Anton Croos/WikiCommons

A letter writer says my Sunday story examining per-capita water usage in San Joaquin County was “all wet.”

Specifically, he didn’t like my “claim” that Lincoln Villagers guzzle at least 50 percent more water than their neighbors.

It’s true that calculating water usage can be tricky, especially in the case of Lincoln Village. Larger water providers are required to report such information to the state based on specific methodologies. I had to figure out Lincoln Village on my own.

But I was very careful and conservative. If anything, the difference is even greater than I reported.

So, in the interest of transparency, here goes:

While there are no meters in Lincoln Village to track how much water any one customer uses, we do know how much water is going into the neighborhood as a whole. In the past 20 years that total has varied from about 450 million gallons per year to about 550 million gallons per year, according to data provided by San Joaquin County.

According to the U.S. Census Bureau, 4,381 people lived in Lincoln  Village in 2010.

So if we divide the total volume of water by the number of people, and then divide again by 365 days in a year, we come up with a rough range of 281 gallons per person per day to about 344 gallons per person per day over the past two decades.

For comparison, in 2010 the California Water Service Co. in Stockton calculated a baseline water usage of 182 gpd, and the city of Stockton calculated a baseline water usage of 195 gpd.

Of course, it’s not that simple. You really can’t look at just one year and get a good idea of any district’s water usage. Drought and economic distress can create aberrations in the numbers.

So I attempted to calculate Lincoln Village’s water use the same way other cities did: using 10-year averages.

Stockton came up with its 195-gpd baseline by averaging the years 1999 through 2008. When I do the same math for Lincoln Village, I get 324 gpd. That’s a 66 percent increase over neighbors within city limits.

Cal Water came up with its 182-gpd baseline by averaging the years 1996 through 2005. When I do the same math for Lincoln Village, I get 316 gpd. That’s a 73 percent increase over neighbors in central Stockton.

Lodi came up with its relatively high per-capita figure of 248 gpd by averaging the years 1997 through 2006. When I do the same math for Lincoln Village, I get 317 gpd. That’s a 28 percent increase.

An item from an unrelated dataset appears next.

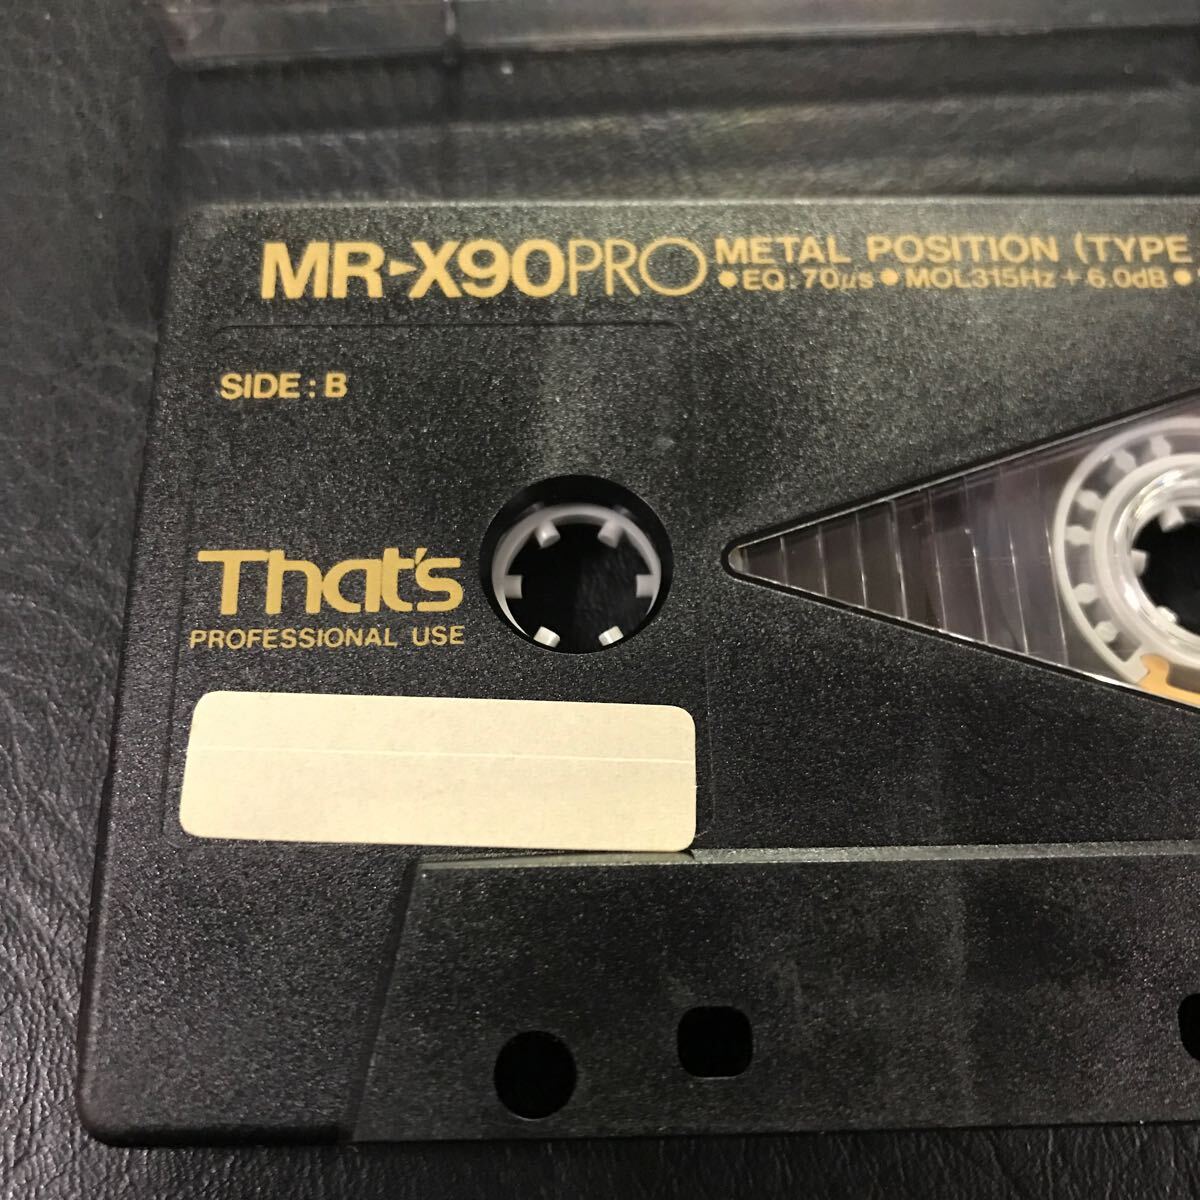 T3045 中古 That's メタル カセットテープ MR-X90 PRO METAL 録音済み ツメあり 音鳴り確認済 メタルポジション Ⅳ 爪あり 90分テープ_画像2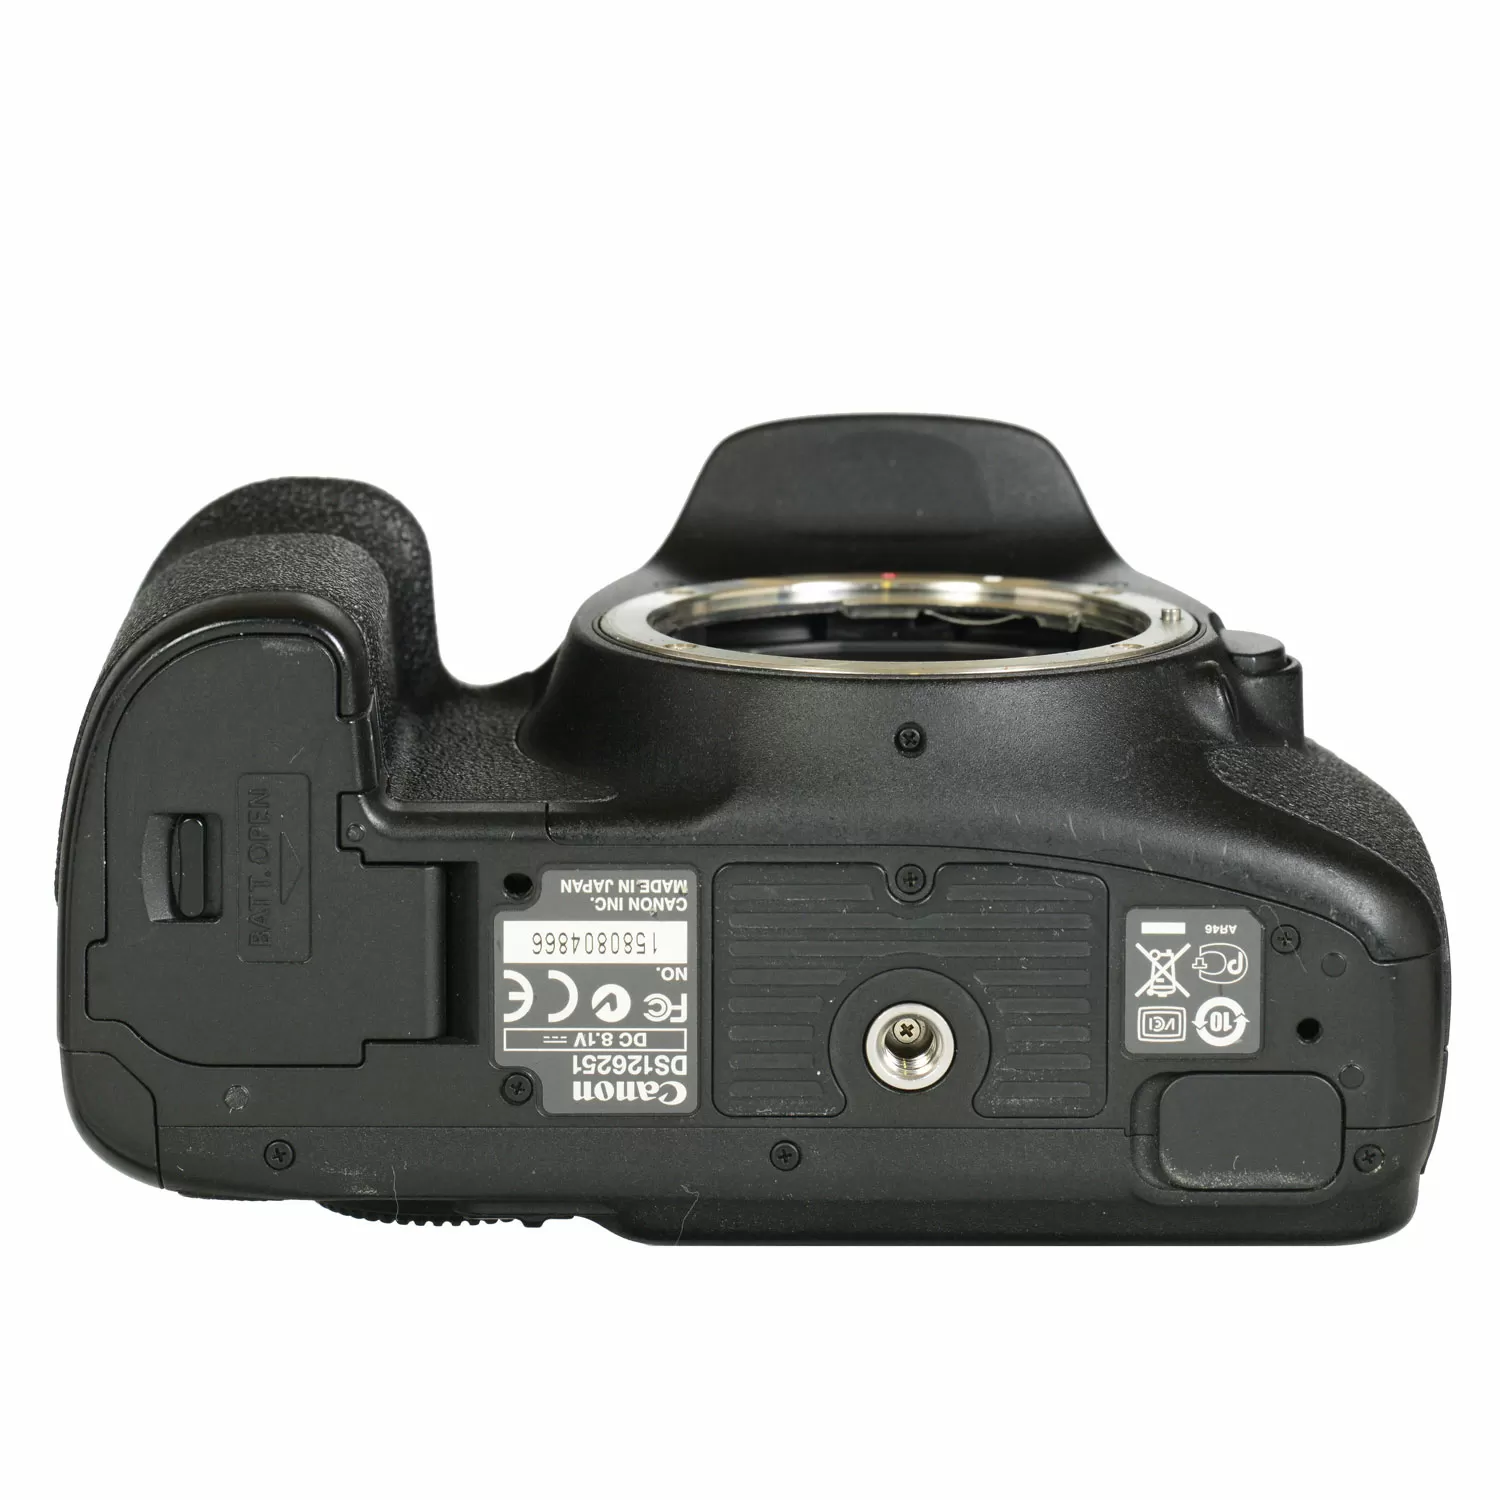 Canon EOS 7D Body б/у

Let’s really give Lincoln Village the benefit of the doubt and look at the 10 years from 1990 to 1999, which includes the tail end of a major drought when water usage dropped significantly and abnormally. When I do the math for Lincoln Village, I get 289 gpd. That’s still by far the higher than the other cities, which based their analyses on non-drought years.

Finally, let’s look at just one year — 2010. This is the year Lincoln Village saw its lowest water usage in the past decade. Its per capita rate? Still 307 gpd. That’s 57 percent higher than Stockton and 68 percent higher than Cal Water the same year.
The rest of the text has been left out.